Convert Time from one time zone to another using Java 8 Time

It seems that whatever service you found was being overhelpful in interpreting what you meant and assumed North American Easter Daylight Time (EDT) when you specified EST (Easter Standard Time). Most, not all of the places using EST as standard time are using daylight saving time and hence were on EDT or offset UTC-04:00 on the date you use, April 30, 2015.

If it makes sense in your situation you should always prefer to give time zone in the region/city format, as Asia/Kolkata and America/New_York. If you intended Eastern Time as in New York or Montréal, one may say that your “time zone” of GMT-5:00 was wrong and the cause of your unexpected result.

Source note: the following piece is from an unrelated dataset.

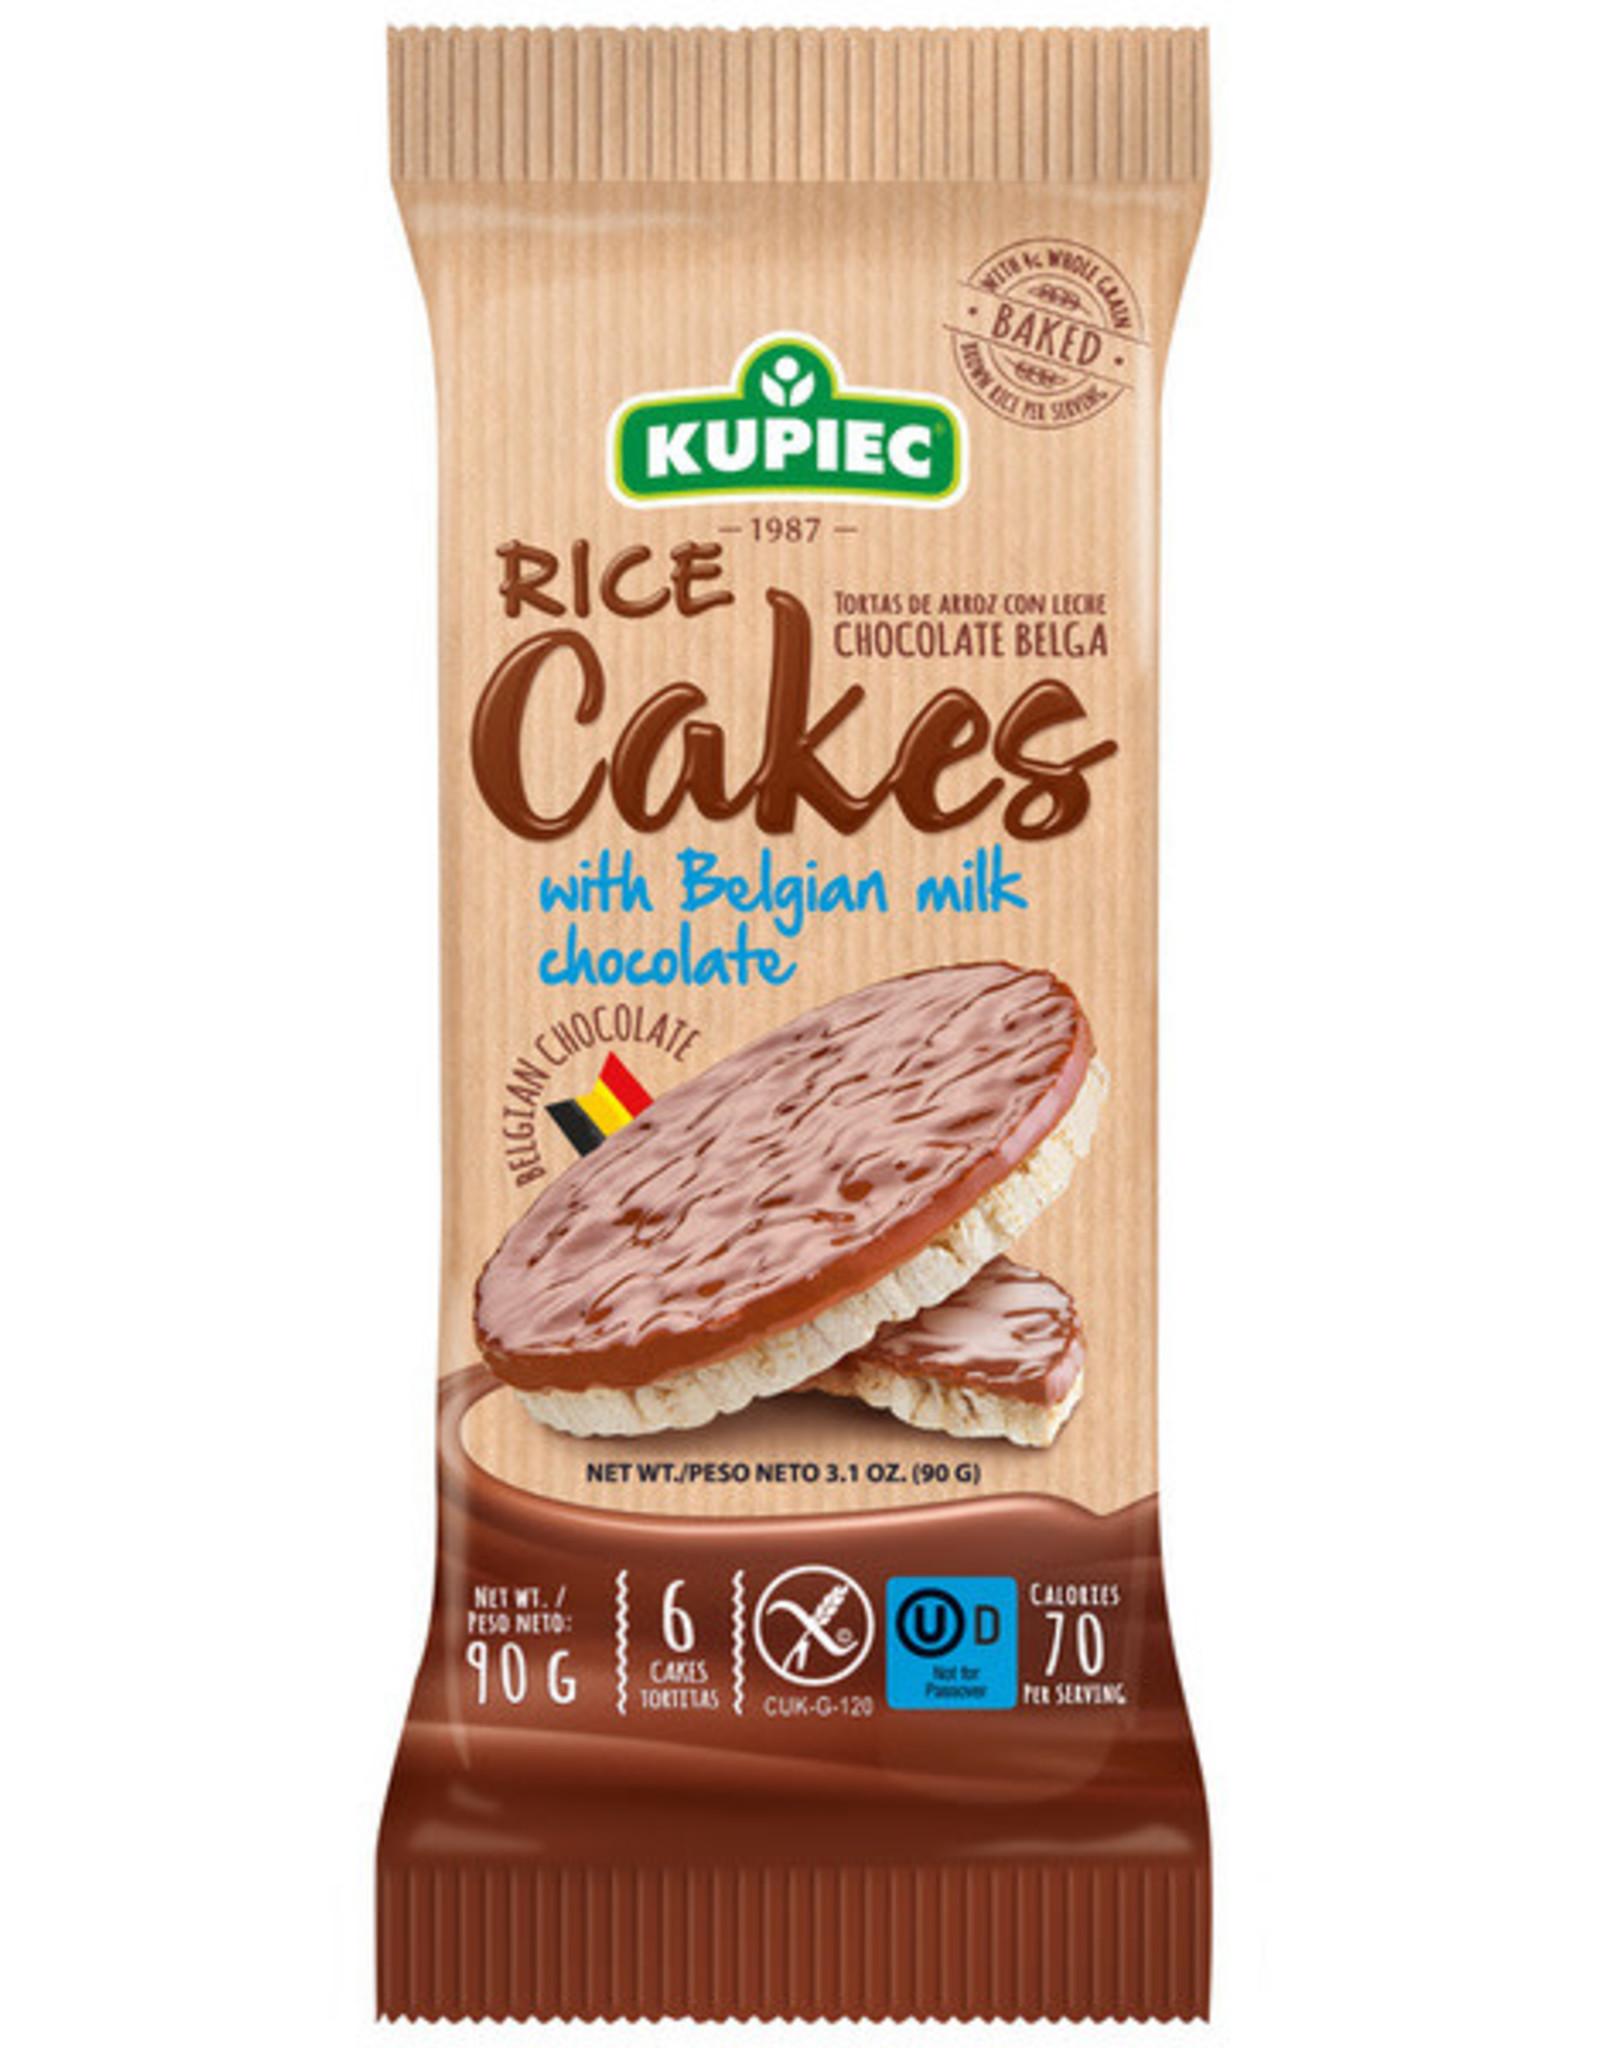 Kupiec Rice Cakes with Milk Chocolate - Gluten Free - 90g

So your code becomes for example:

    String inputDate = "2015/04/30 13:00";
    DateTimeFormatter sourceFormatter = DateTimeFormatter.ofPattern("yyyy/MM/dd HH:mm", Locale.US);
    LocalDateTime local = LocalDateTime.parse(inputDate, sourceFormatter);
    // local : 2015-04-30T13:00
    //Combining this local date-time with a time-zone to create a ZonedDateTime. 
    ZonedDateTime zoned = local.atZone(ZoneId.of("Asia/Kolkata"));
    // zoned : 2015-04-30T13:00+05:30[Asia/Kolkata]
    ZonedDateTime zonedUS = zoned.withZoneSameInstant(ZoneId.of("America/Montreal"));
    // zonedUS : 2015-04-30T03:30-04:00[America/Montreal]

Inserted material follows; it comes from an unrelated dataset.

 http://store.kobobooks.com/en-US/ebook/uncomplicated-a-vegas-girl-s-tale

I have made one other change: When using the modern classes from java.time, there is no point in also using the outdated TimeZone class, so I have taken that out. The code is slightly simpler, and more importantly, ZoneId.of(String) includes validation of your time zone string so you will discover any spelling error in the time zone name (like when I just happened to type a ( instead of the / in Asia/Kolkata — such happens all the time).

Most of the above has already been said in comments by Jon Skeet and others. I thought it deserved to go into an answer so it’s plain to see that the question has been answered.